**Exercise brief**
Could you repeat every line below exactly, skipping the images?

**Data block**
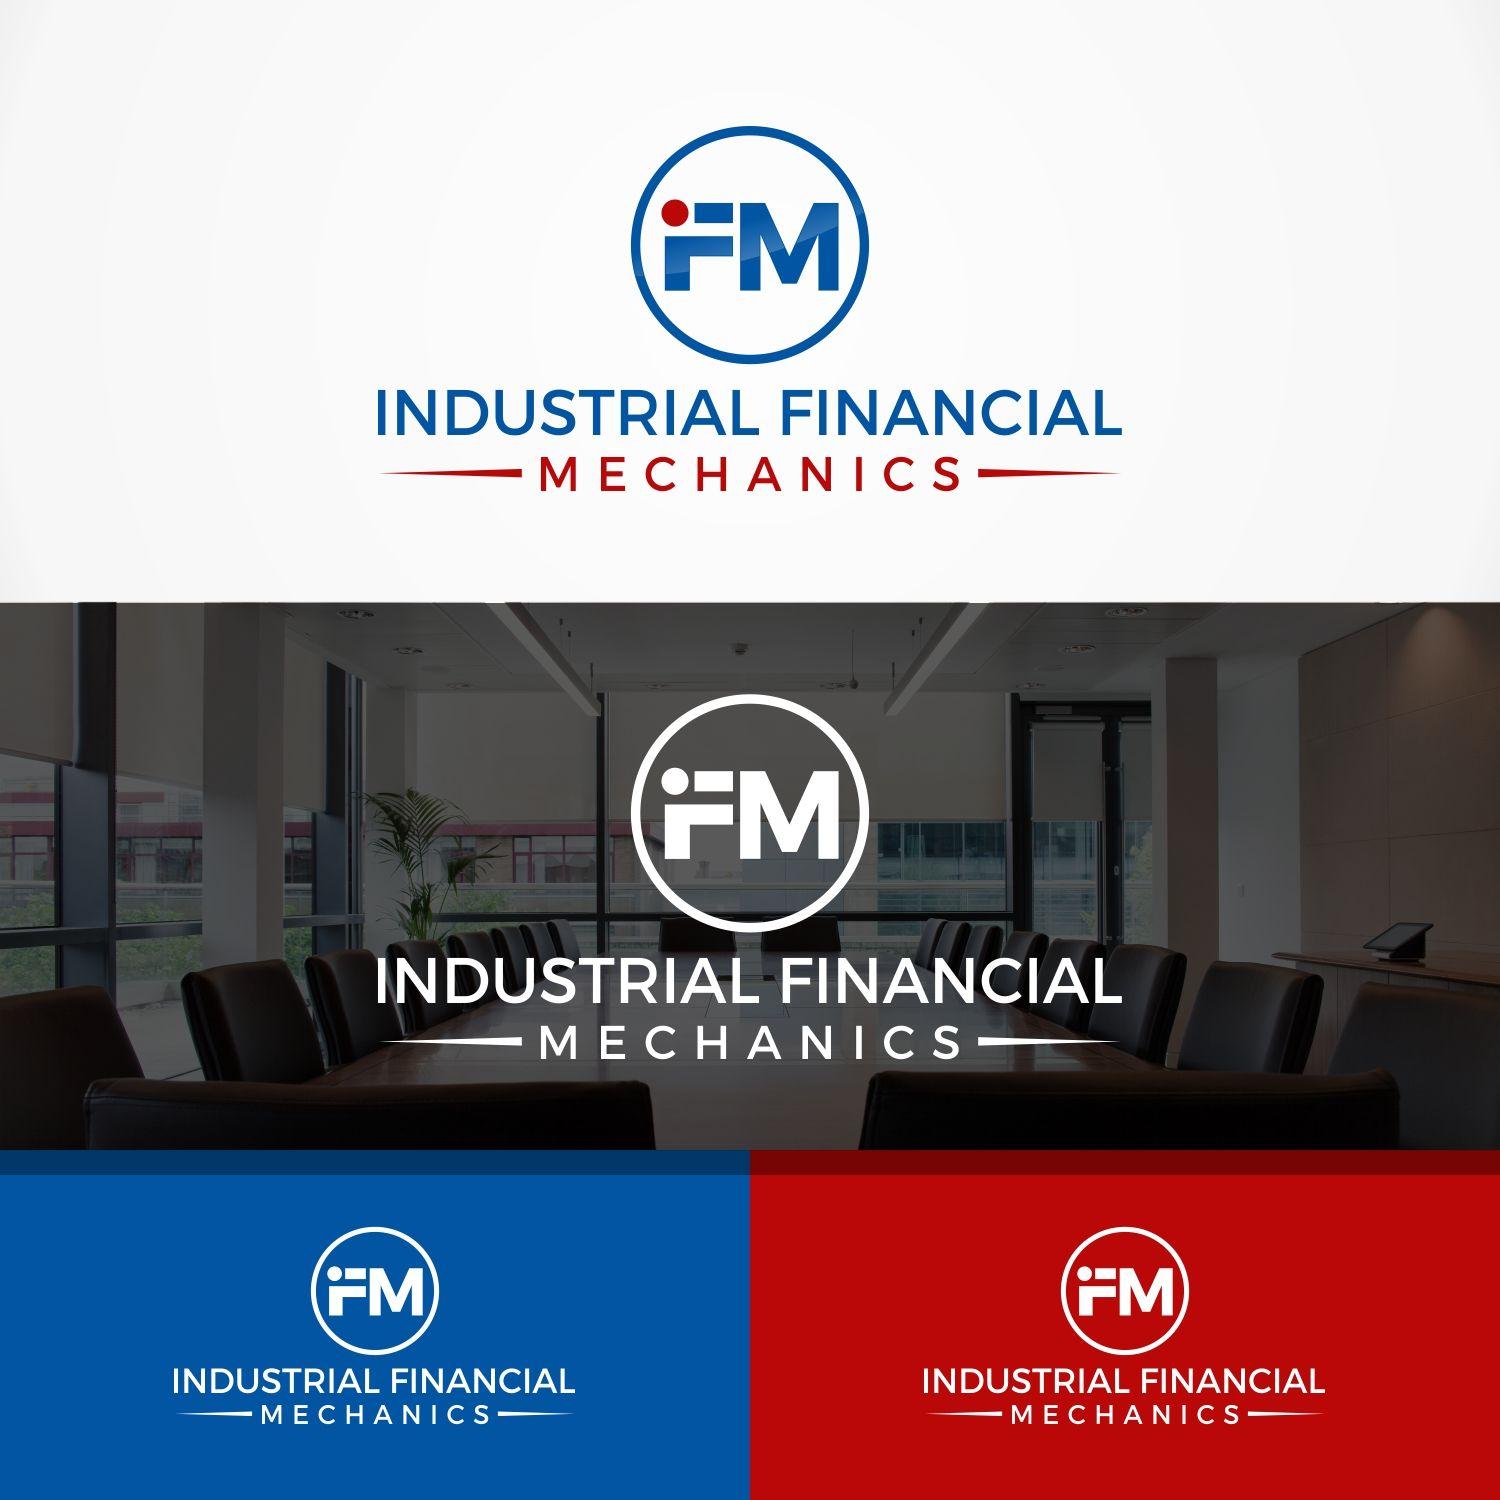 Industrial Mechanic Logo - Professional, Serious, Education Logo Design for IFM
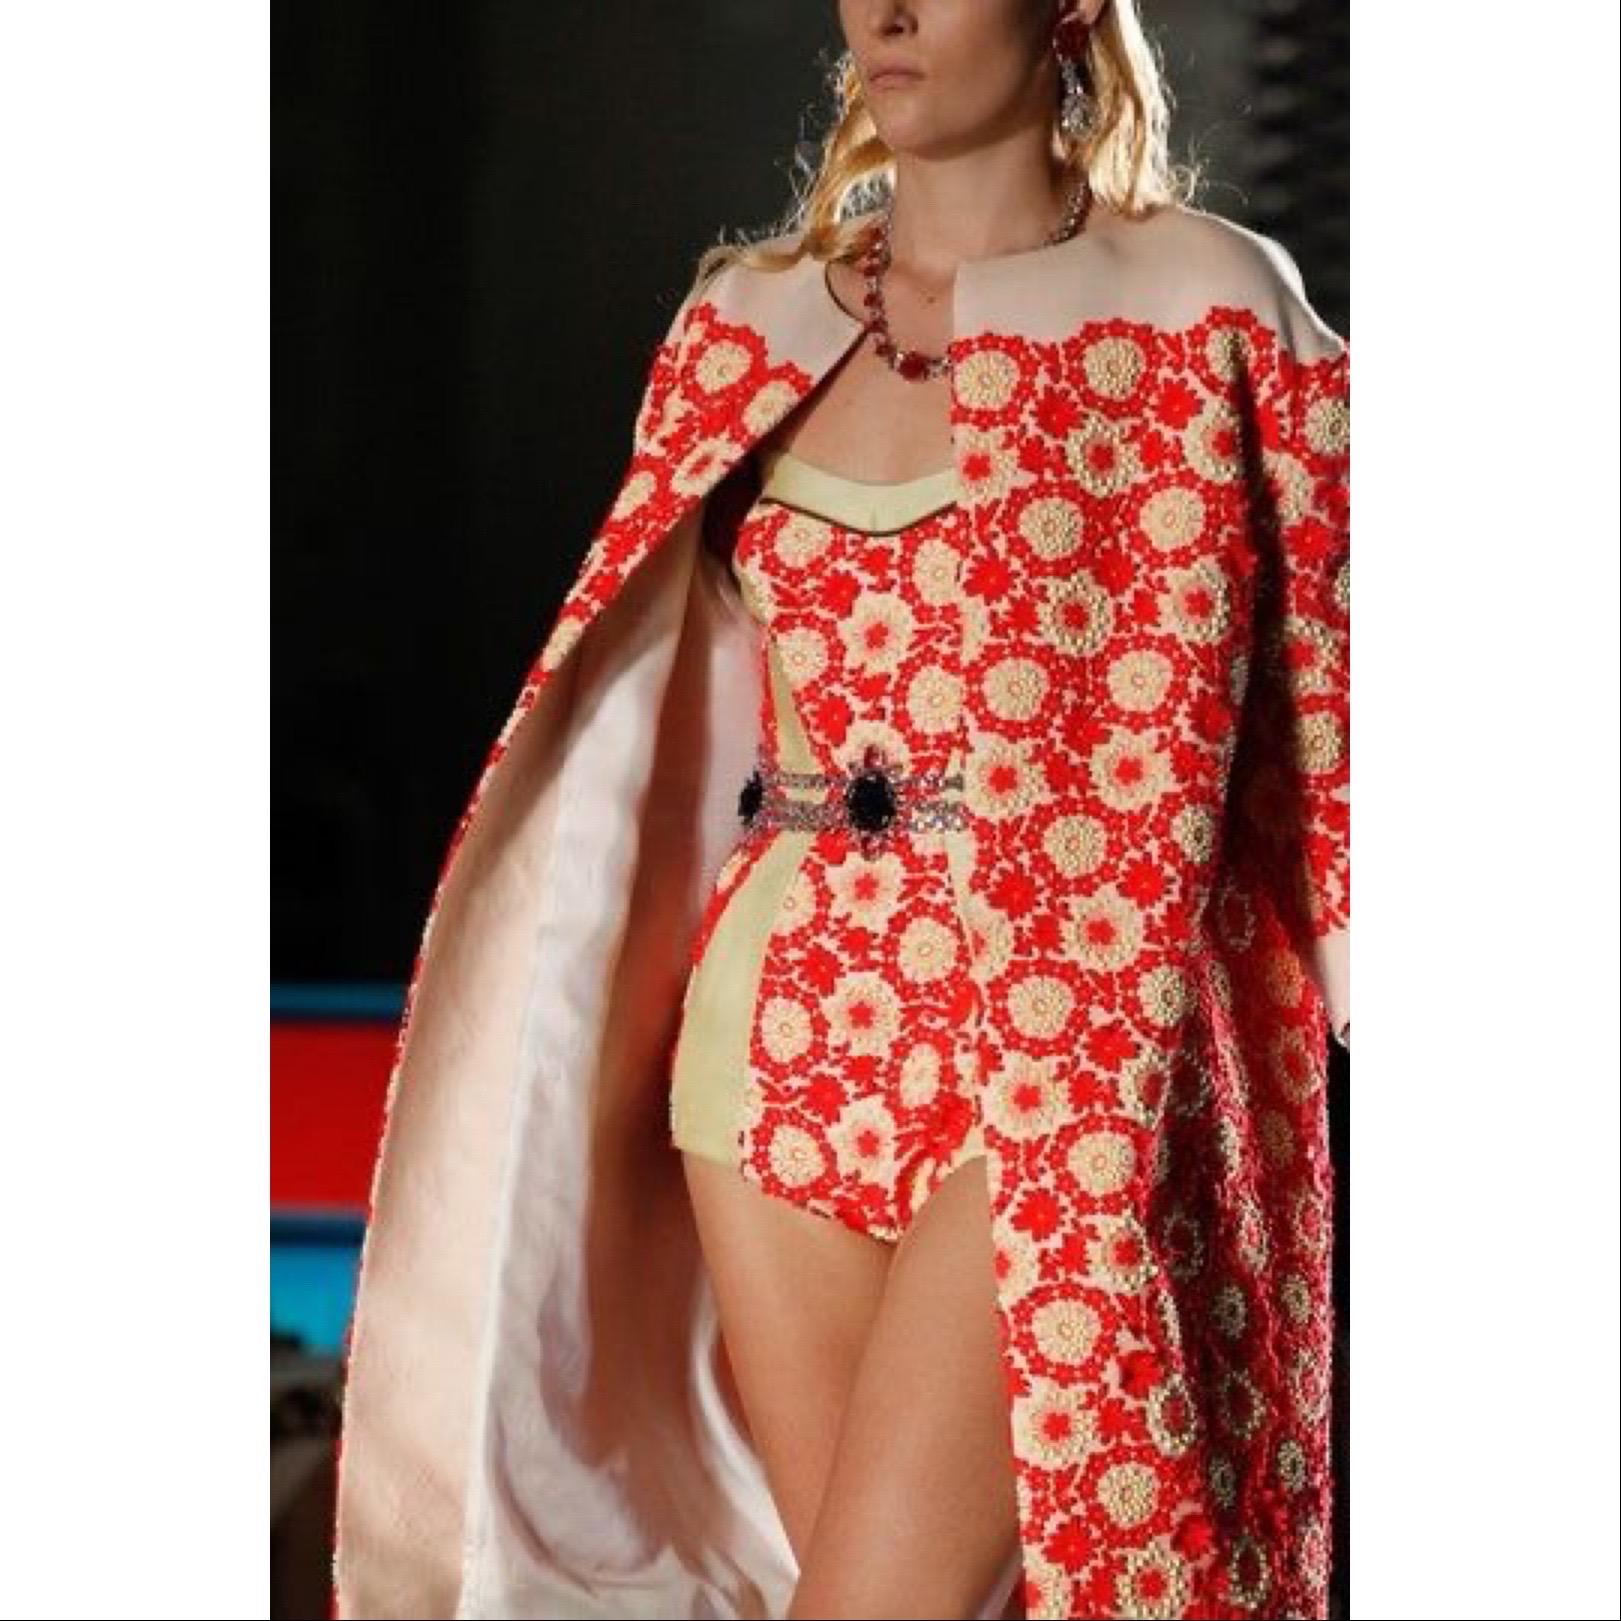 Prada Most Wanted Spring 2012 Floral Embroidered Pinup Bodysuit For Sale 10
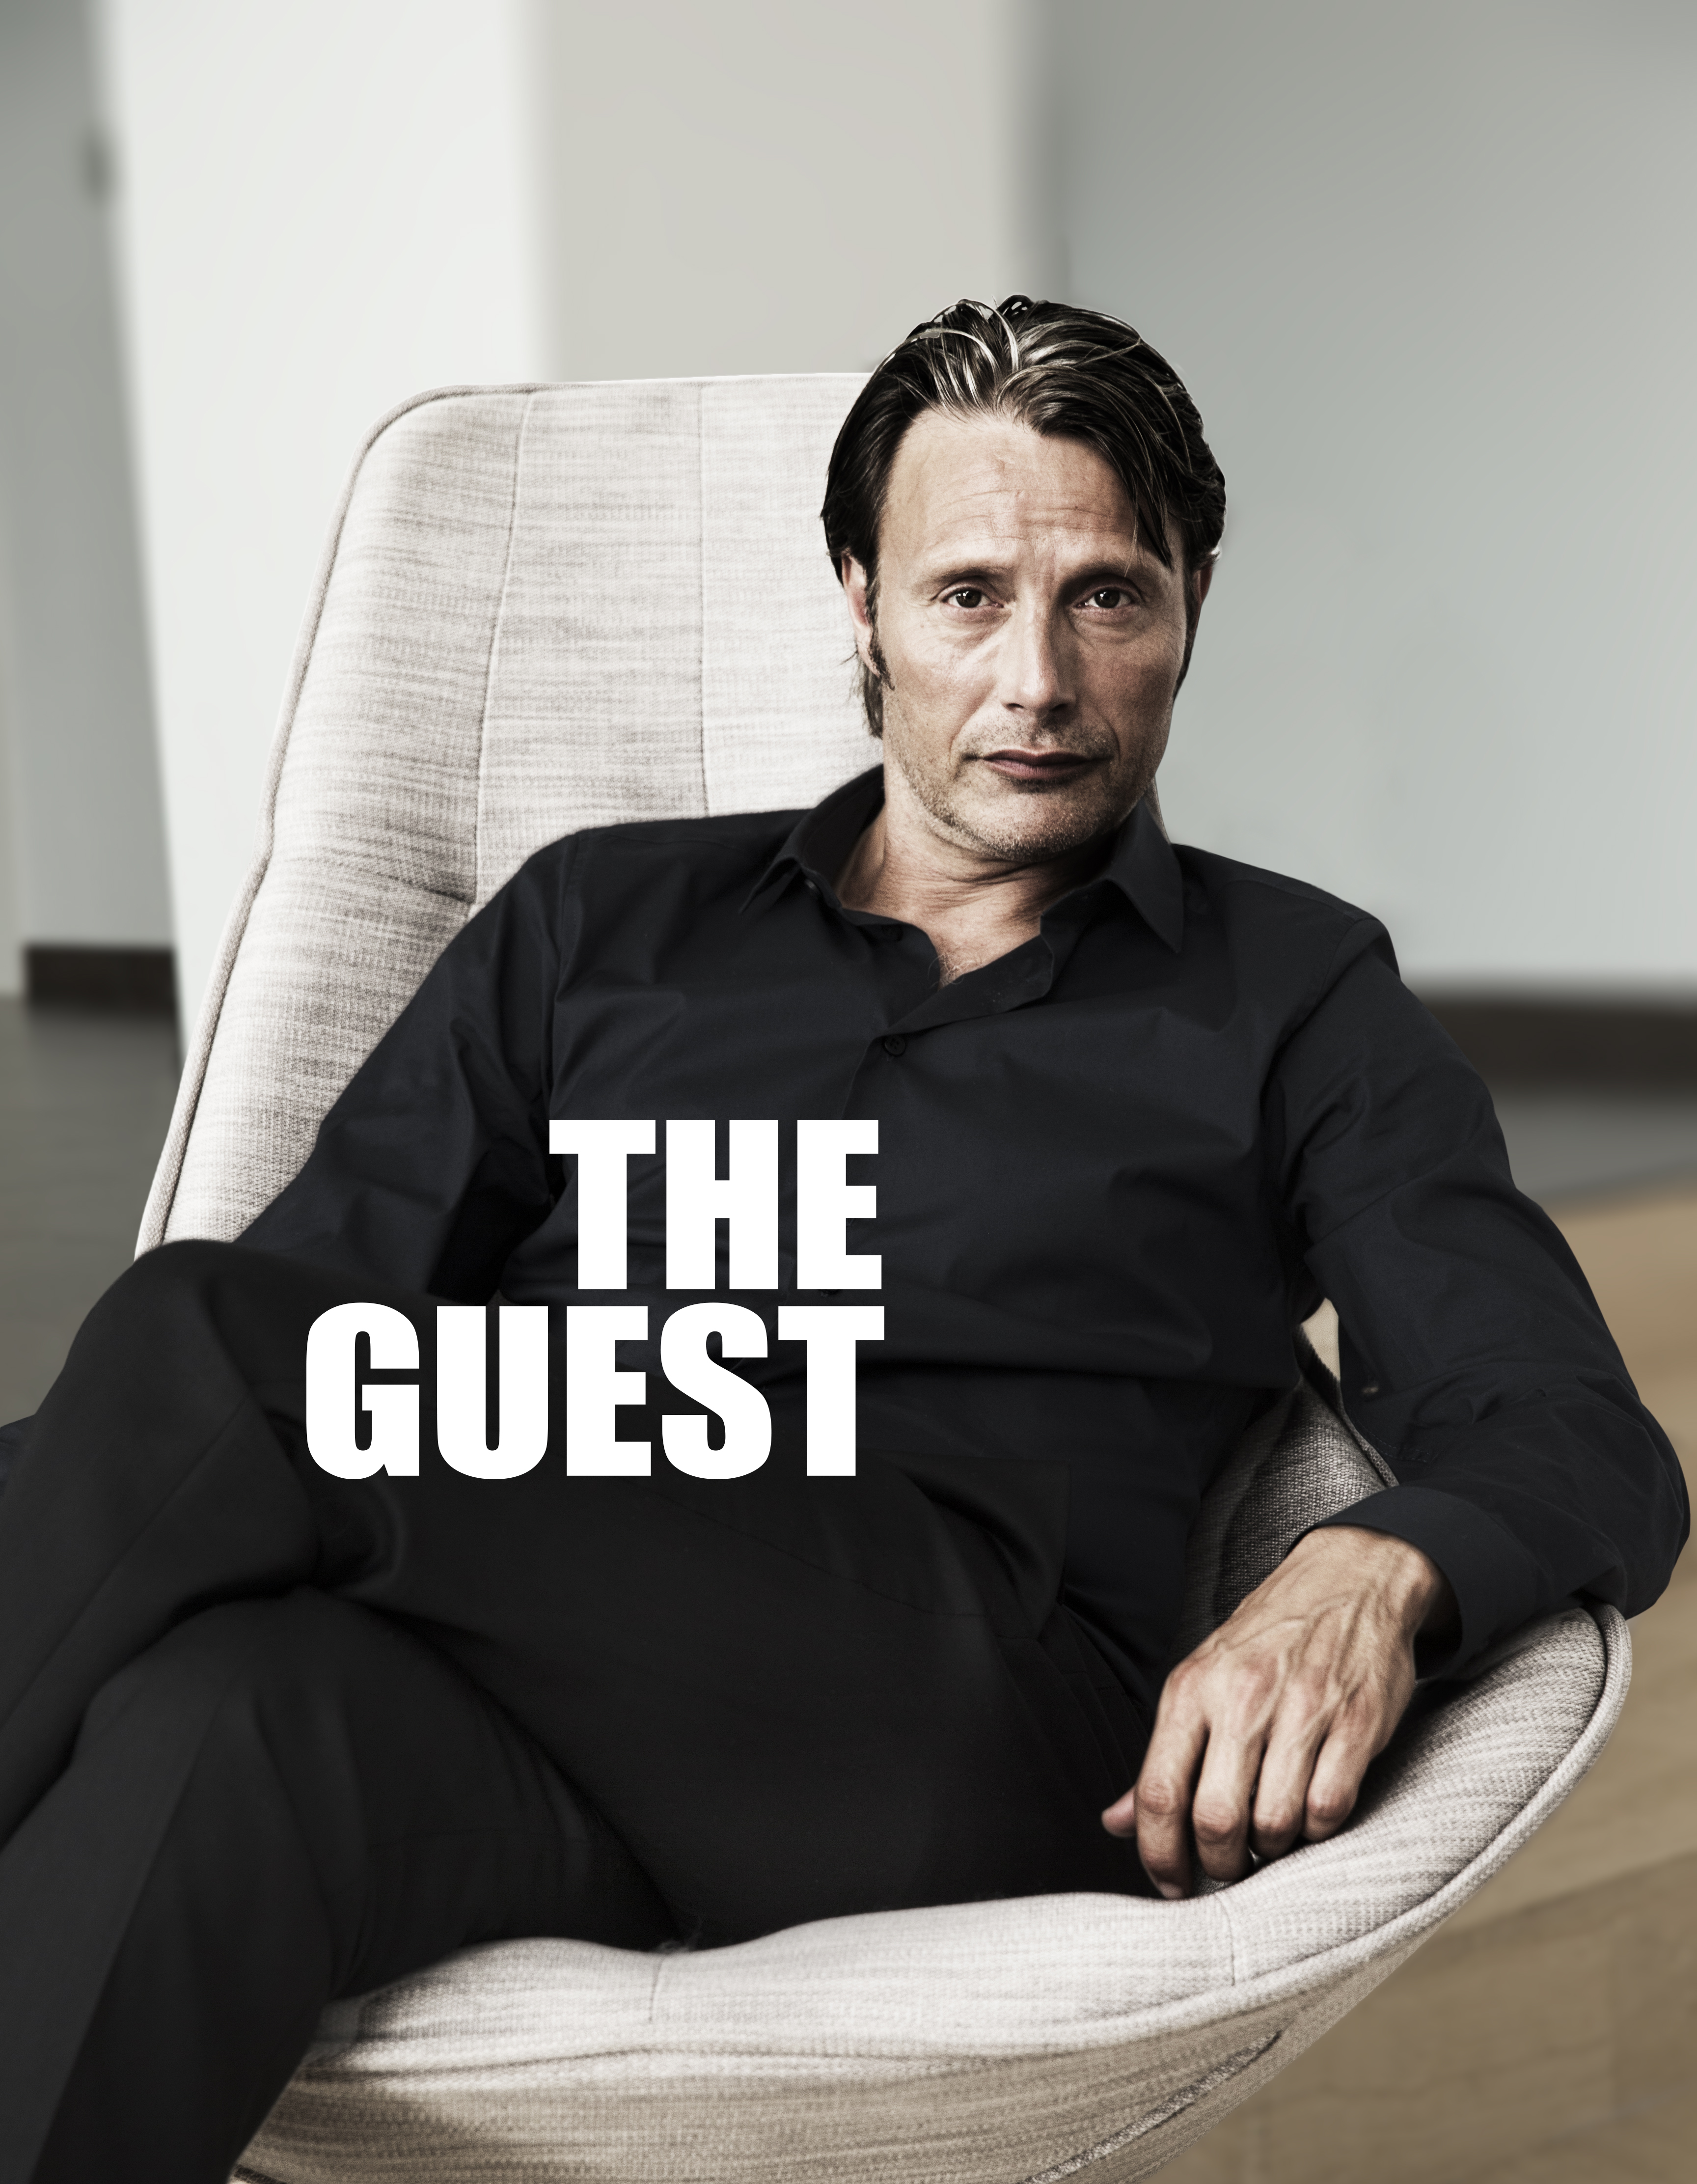 #theguest

**Output for this task**
 Industrial Mechanic Logo - Professional, Serious, Education Logo Design for IFM
 Prada Most Wanted Spring 2012 Floral Embroidered Pinup Bodysuit For Sale 10
 #theguest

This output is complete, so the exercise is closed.